11 Jun 2006 at 04:06 pm | #
In my case, I think it’s the natural syntax that throws me off. Dynamic languages aren’t really much trouble, but the relatively arbitrary and “chatty” nature of AppleScript, with words like “my” having huge overloaded meaning, while words like “the” get by meaning nothing, just addles my little, shrinking brain…
12 Jun 2006 at 06:57 pm | #
Could you try something like the following?
on isAppRunning(s)
set isRunning to false
tell application “System Events”
try
set isRunning to exists application process s
end try
end tell
return isRunning
end isAppRunning
display dialog (isAppRunning("GrowlHelperApp"))
20 Jun 2006 at 03:25 pm | #
Although this example is slightly differnet than your case the “using terms from” feature might be helpful:
http://developer.apple.com/documentation/AppleScript/Conceptual/StudioBuildingApps/chapter04/chapter_4_section_2.html#//apple_ref/doc/uid/20001251-BAJGFJIH
20 Jun 2006 at 04:11 pm | #
Two responses:
Andy: no. That will tell you whether Growl is running, but growl’s execution status is irrelevant during compilation, which is the real issue here. The problem was how to get the script to compile when Growl wasn’t installed on the user’s system. (The runtime conditional, though, uses System Events, yes.
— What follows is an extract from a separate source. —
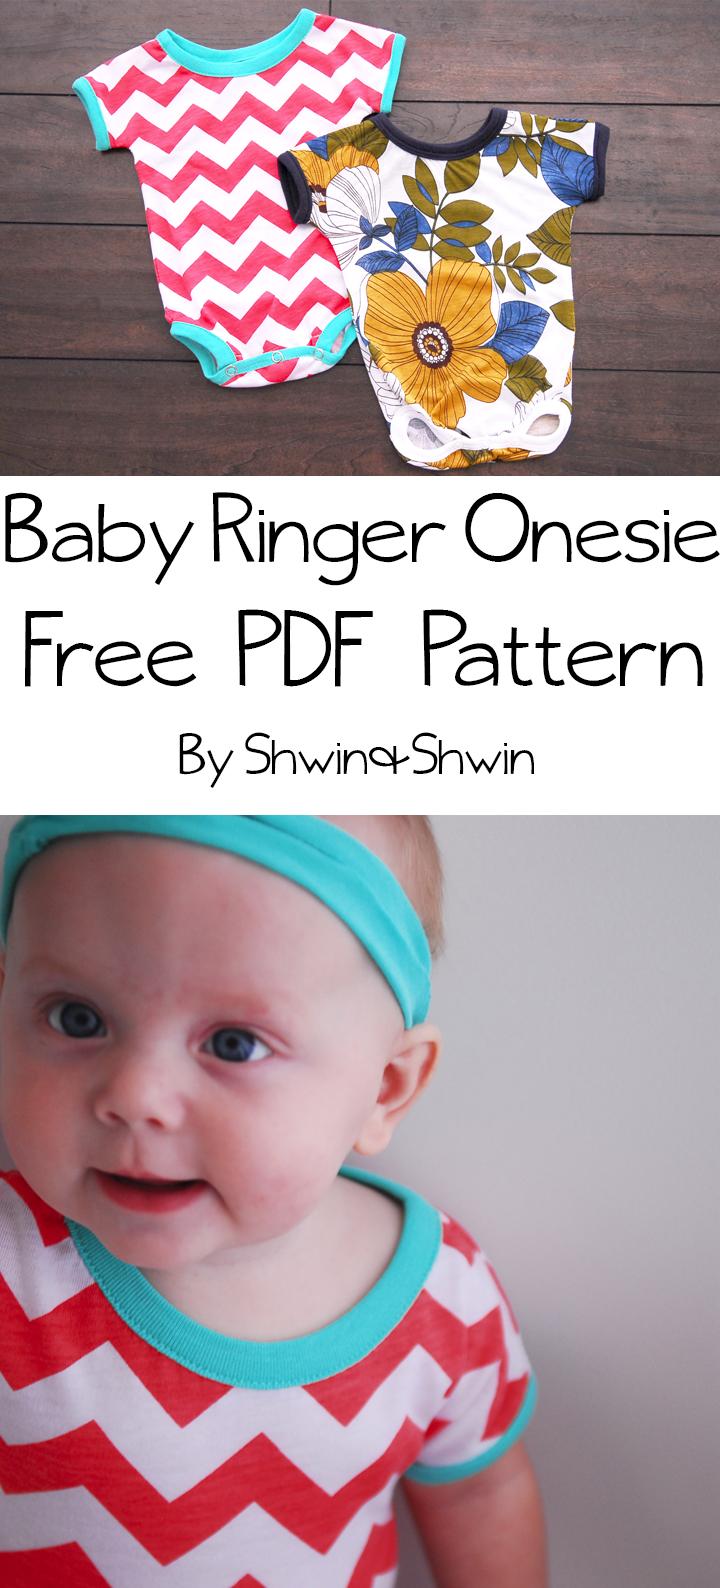 Baby Ringer Onesie || Free PDF Pattern || Shwin&Shwin
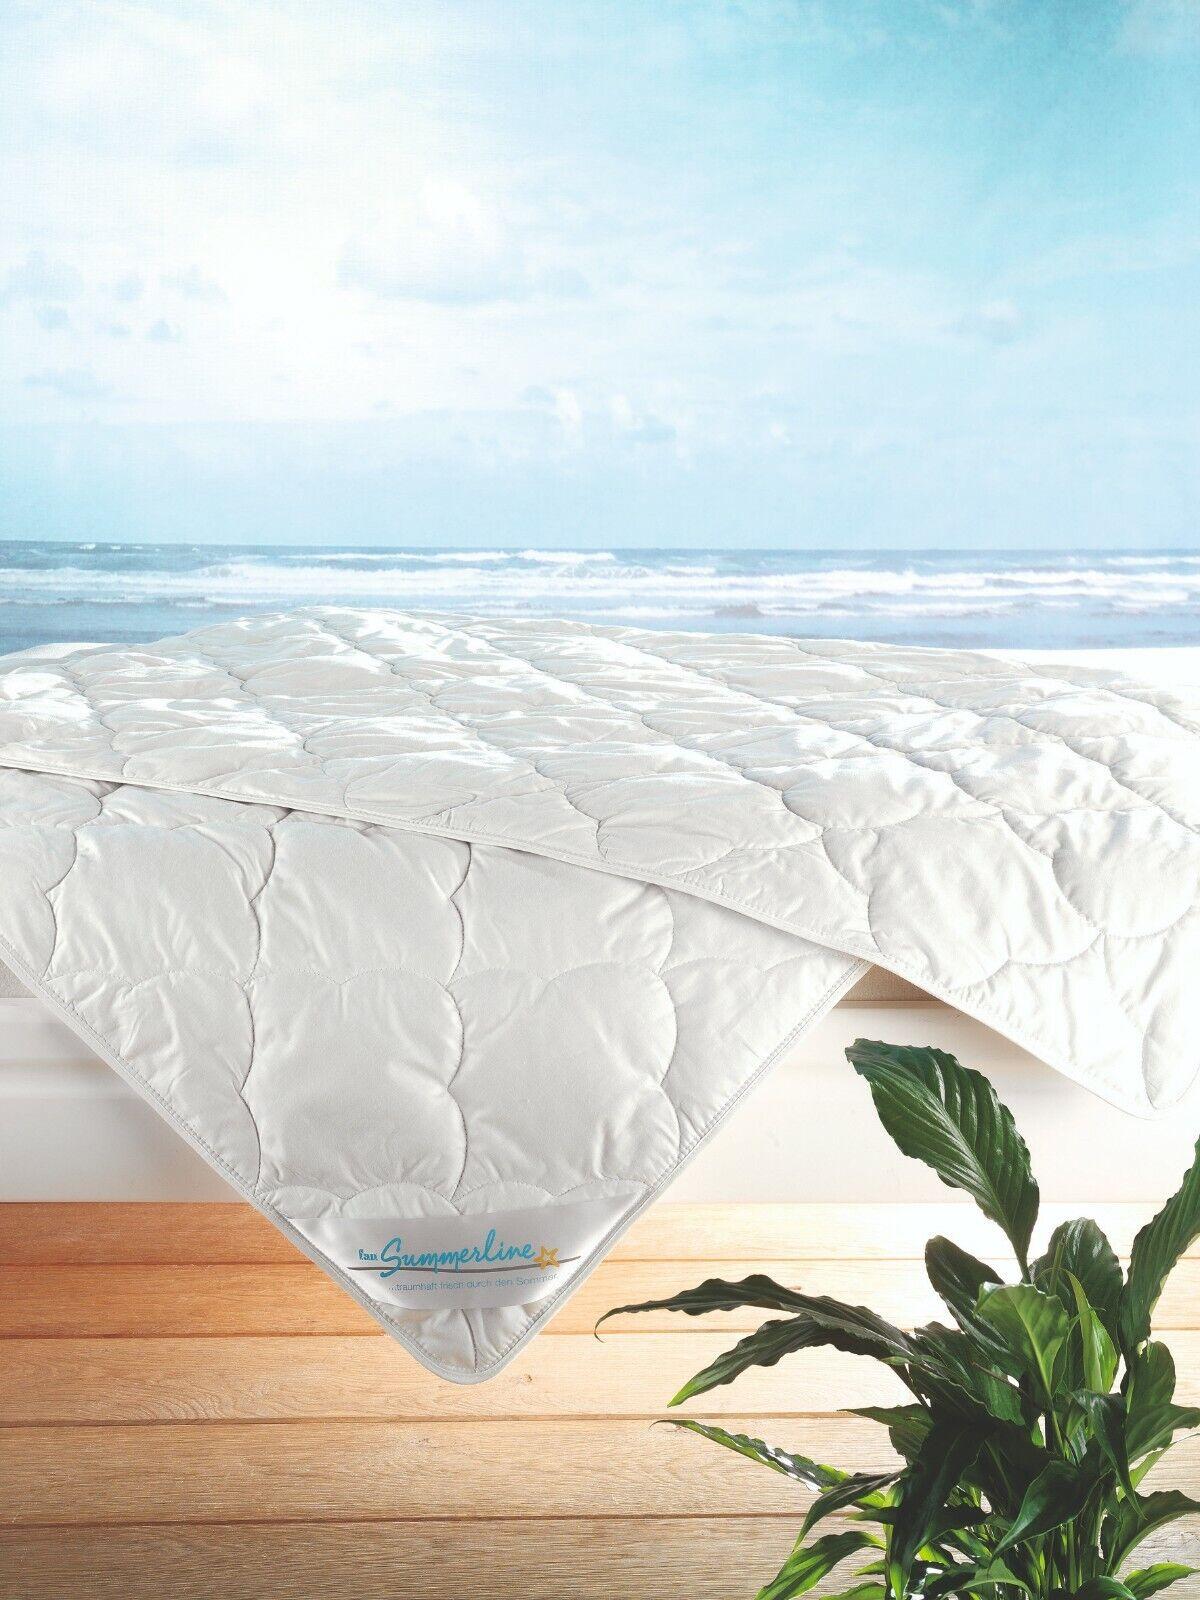 F.A.N Summerline kühle Sommerbettdecke 155x220cm Leinen Wildseide 100% Baumwolle

But the primary problem isn’t a runtime one, it’s a compile-time one.)
Ron: again, no. The problem is trying to get things to compile. “using terms from” only works if the the thing is there to use terms from. But, when a user’s system doesn’t have Growl present, the compilation will fail… which leaves me in the original situation.
Thanks for both of your suggestions, though.